(EXERCISE PROMPT) From the line that contains "Photo Pixelizer iOS Application Source Code" to the last line of the data below, transcribe every line exactly. Do not include the pictures.

(DATA EXTRACT begins)

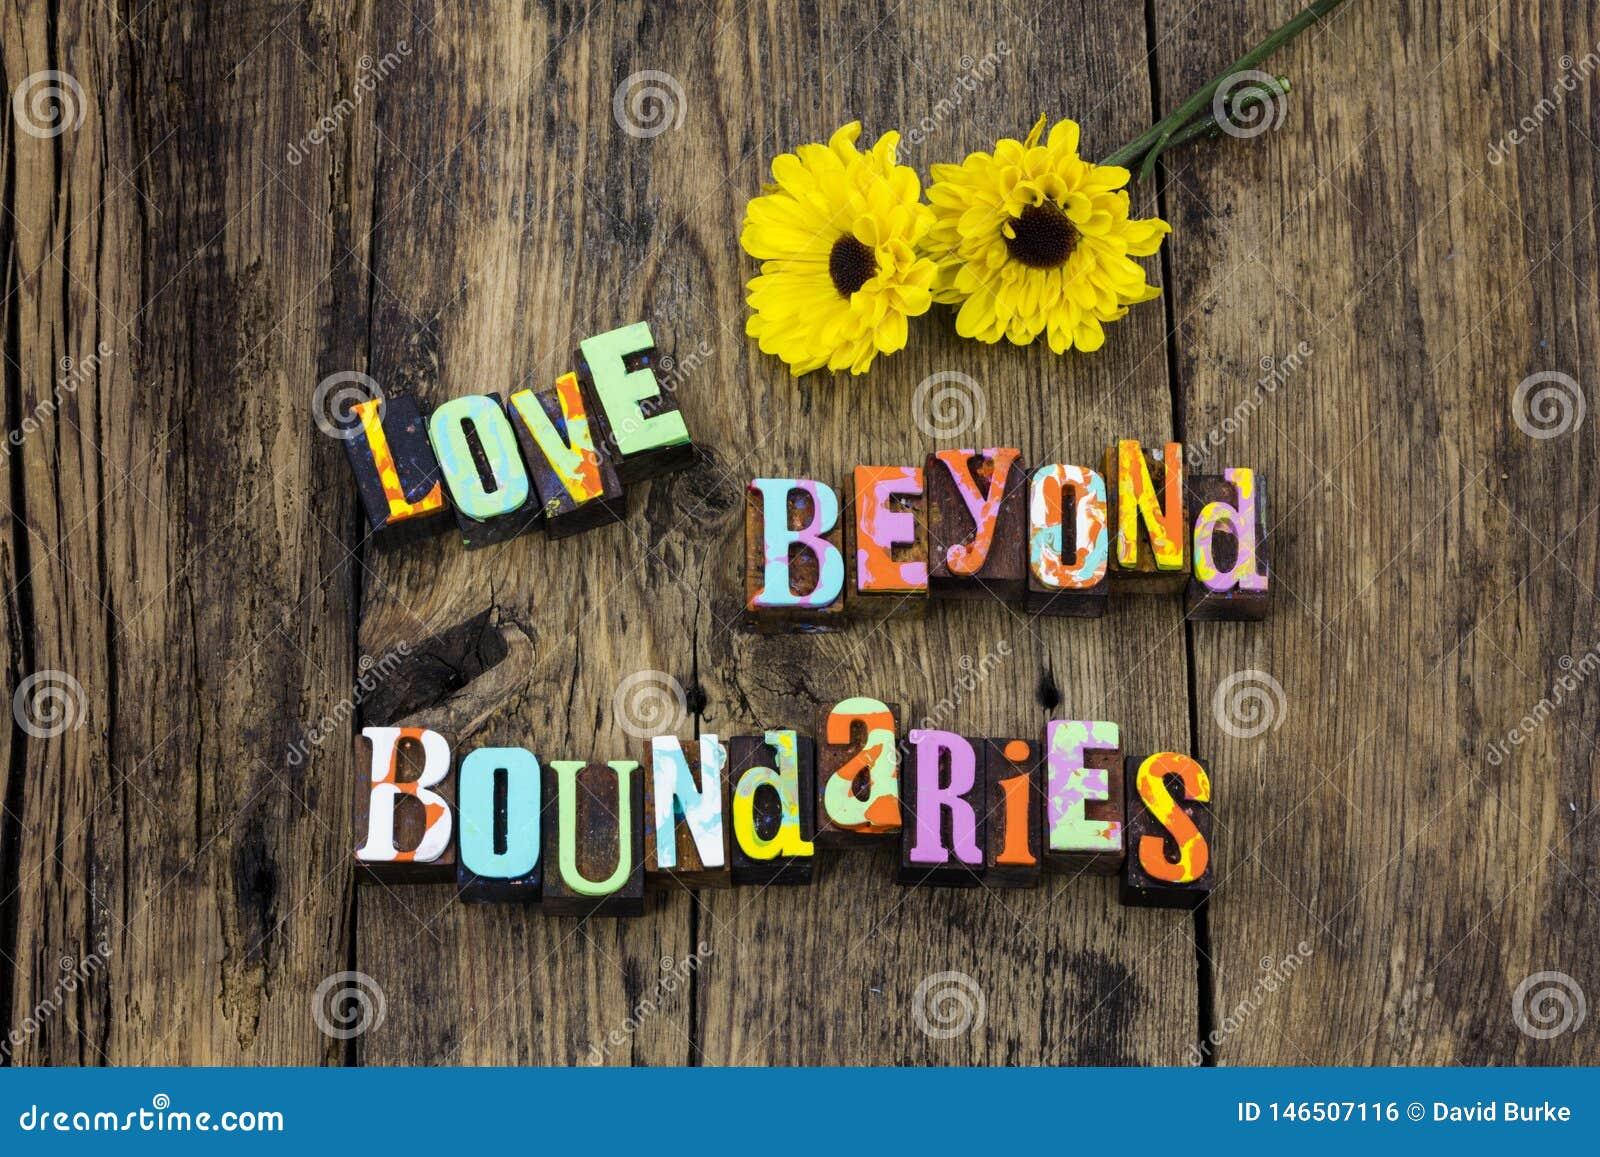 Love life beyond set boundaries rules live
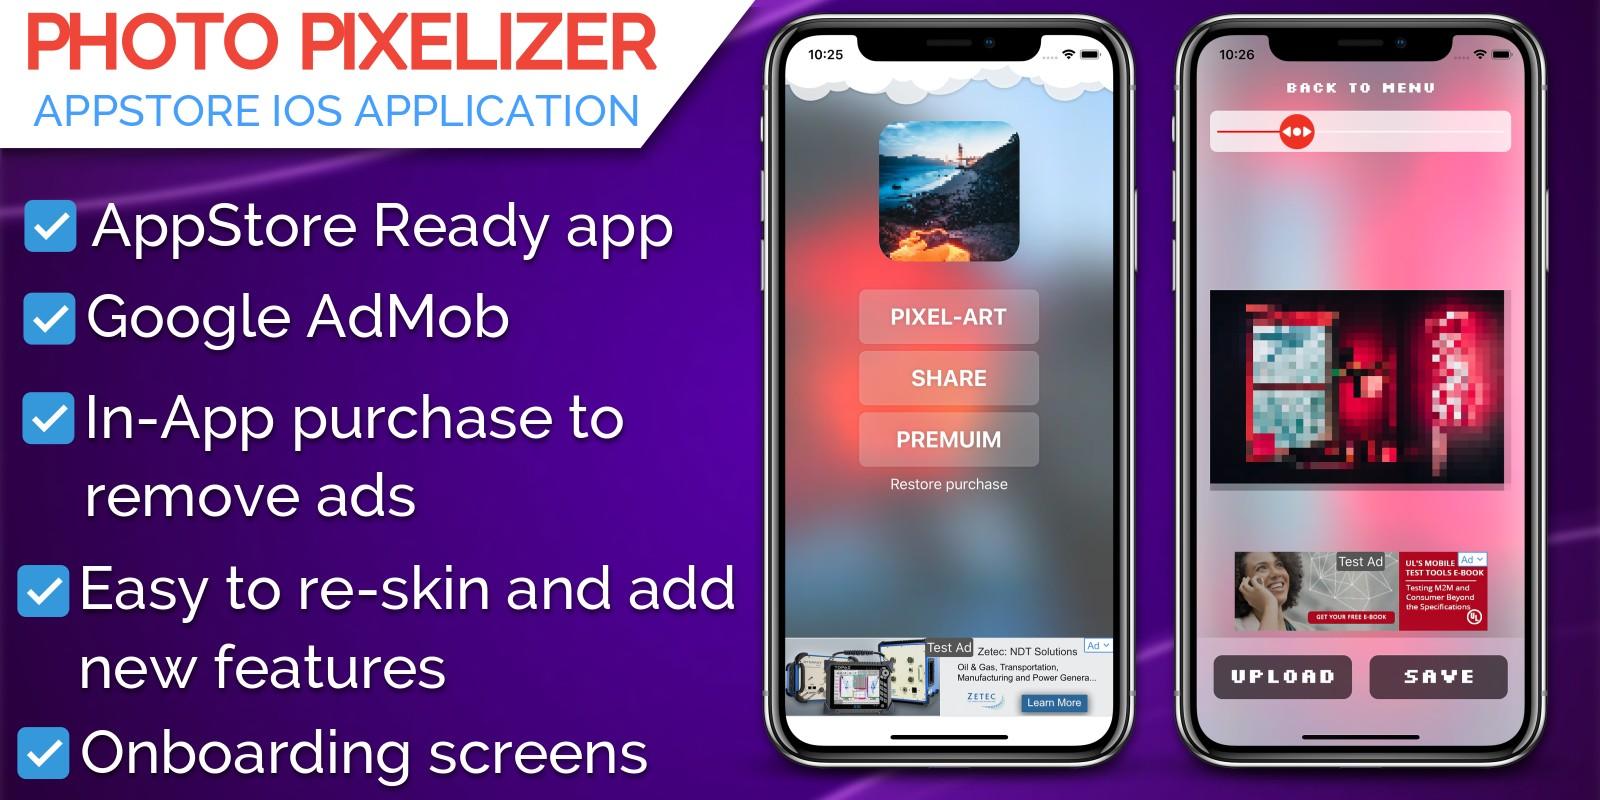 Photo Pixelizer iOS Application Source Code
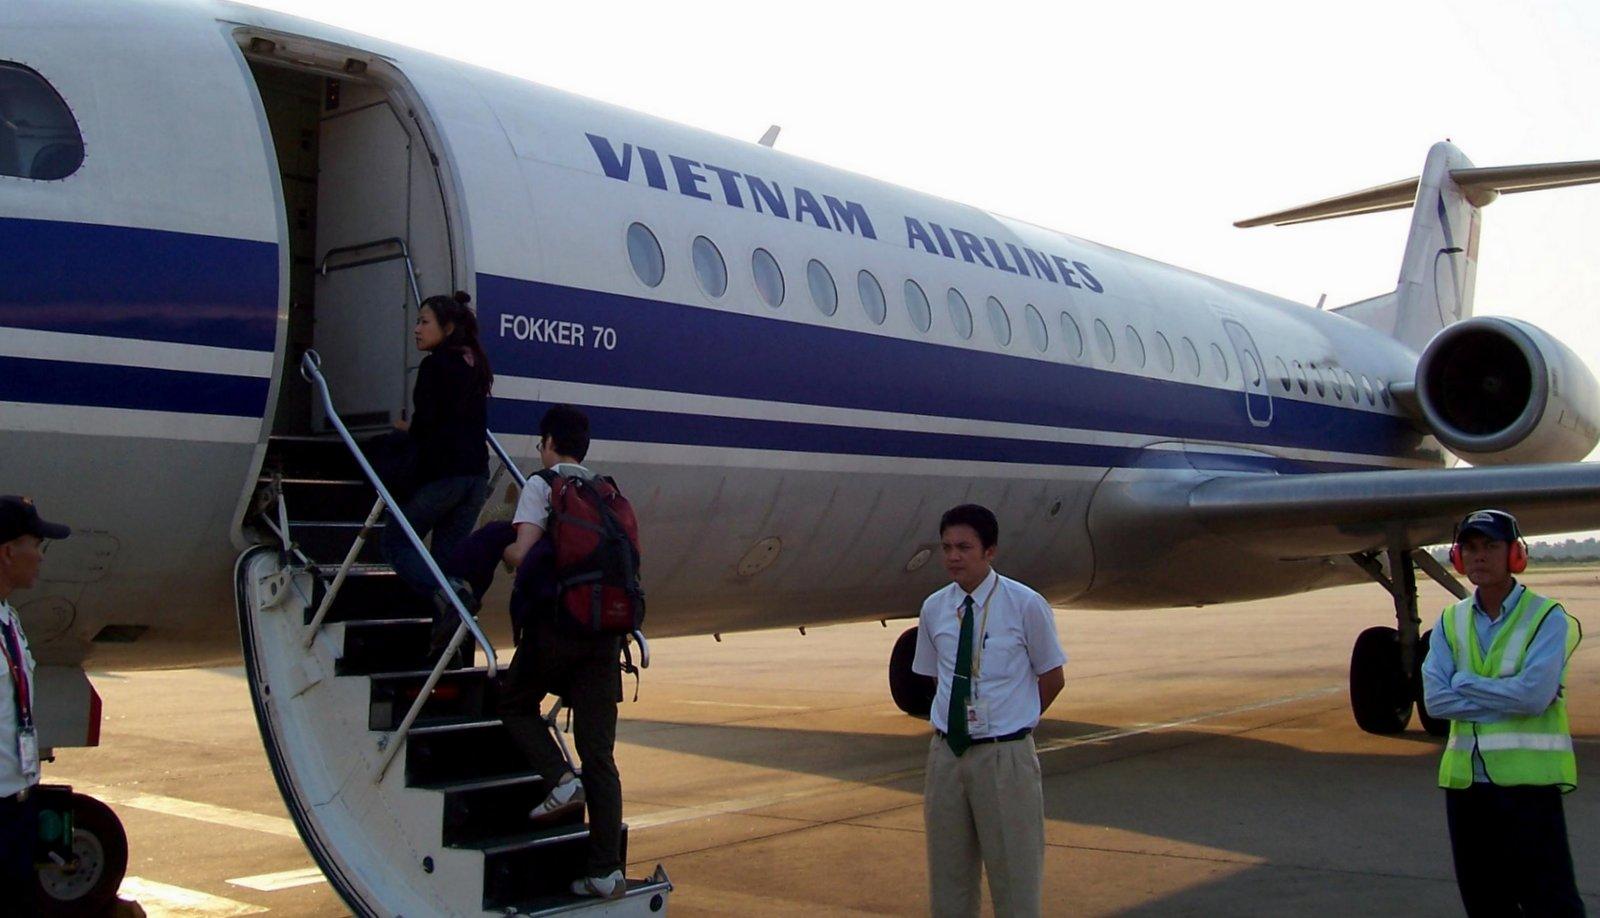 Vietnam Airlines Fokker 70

(DATA EXTRACT ends)

(WRITTEN RESPONSE)
 Photo Pixelizer iOS Application Source Code
 Vietnam Airlines Fokker 70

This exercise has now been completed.